Весь день она мучительно старалась придумать такую линию поведения, вернее, такую тактику, которая ликвидировала бы на поле брани малейшие следы ее нынешнего поражения. Но лишь вечером — когда она из окошка наблюдала, как Иван выходит из автобуса, — ее осенила блестящая идея: она должна сыграть роль, совершенно противоположную той, которую ожидает от нее супруг. А именно? Все обратить в шутку и тем самым спасти свой престиж — быть гордой со скрягой и грубияном! Кто знает, может, этой неожиданной, веселой, артистичной тактикой она все еще надеялась умилостивить своего «скрягу и грубияна»? Но это тайна, в которую нам не дано проникнуть.

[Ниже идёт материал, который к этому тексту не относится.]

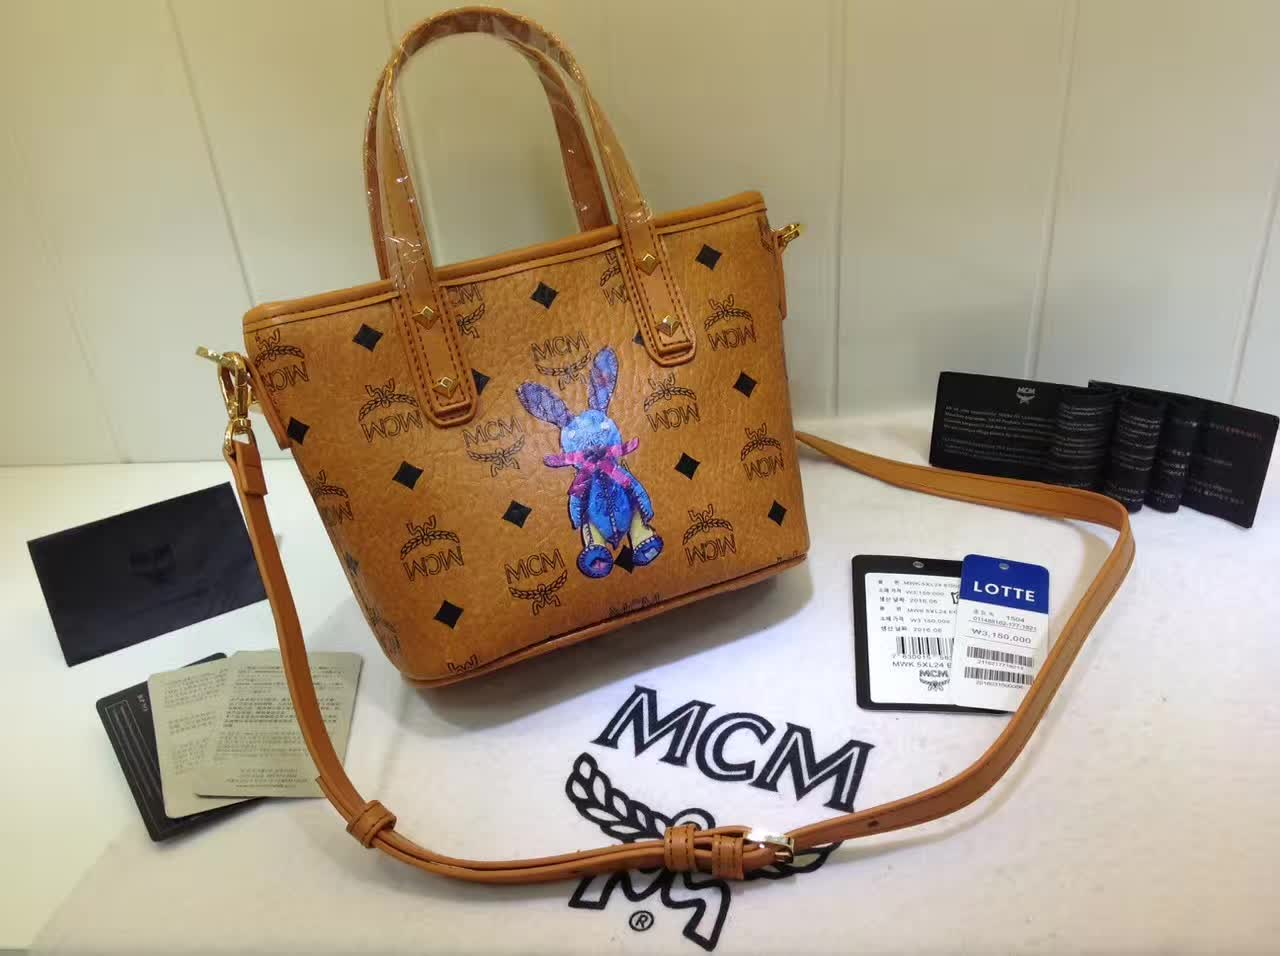 MCM包包批发 2017专柜新款 兔子购物袋造型mini斜挎包 土黄

Сначала из автобуса вышел раздутый до невозможности портфель, а потом уж и сам Иван. Этот портфель он получил на службе несколько лет тому назад — тоже в качестве премии — и с тех пор с ним не расставался. Портфель был очень удобный: с тремя отделениями и большим карманом, вмещал одновременно несколько служебных папок, плащ, каравай белого хлеба, бутылку подсолнечного масла, килограмм мяса, два пучка зеленого салата, несколько банок простокваши и множество других продуктов, которые Иван покупал, возвращаясь со службы. Сегодня, по случаю премии, этот современный рог изобилия был особенно внушителен — в нем не хватало только желанной катушки «Мичелл». После работы Иван задержался на собрании и не успел заскочить в магазин.

Вот на лестнице послышались медленные, тяжелые шаги и громкое прерывистое дыхание. На площадке четвертого этажа шаги замерли, скрипнула кожа (Иван взял портфель в левую руку, чтобы правой отпереть дверь). Ключ повернулся, замок щелкнул, и портфель первым вошел в полутемную прихожую, точно так же, как он только что первым вышел из автобуса. Иван протянул было правую руку к выключателю, стараясь в то же время локтем левой закрыть дверь, но в эту секунду кто-то опустил ему на плечо тяжелую лапу и прохрипел в ухо:

— Руки вверх! Ни звука…

Портфель грохнулся на мозаичный пол прихожей — причем внутренности его резко дзинькнули разбившимся стеклом, — накренился, и из него, как кровь из раненого животного, хлынула белая струя молока. Иван зачем-то сделал полупируэт, опустился на колени, словно прося у бандита пощады, и, поймав блеск сверкнувшего лезвия, растянулся поперек прихожей. Все произошло неожиданно, стремительно, как и происходит большинство катастроф. Анка лишь успела крикнуть: «Не бойся!», потом бросилась на кухню за стаканом воды, выплеснула воду мужу в лицо и, лишь после этого, догадавшись зажечь свет, склонилась над потерпевшим. Его лицо, и в обычное-то время серое и невзрачное — за исключением последних двадцати дней, когда оно приобретало цвет заветной мечты, — сейчас, в тусклом свете прихожей, было мертвенно-бледным. И все же в нем теплилась жизнь: веки и скулы подергивались, а посиневшие губы причмокивали. Анка вспомнила, что упавшего в обморок следует хлопать по щекам и растирать ему уши, перетащила мужа в гостиную и там, холодея от страха, начала приводить его в чувство. Если бы кто-нибудь прислушался, стоя на лестничной площадке, он наверняка подумал бы, что в квартире кто-то колет дрова на паркете. Она то лупила мужа по щекам, то принималась растирать ему уши и плачущим нежным голосом призывала его вернуться к жизни.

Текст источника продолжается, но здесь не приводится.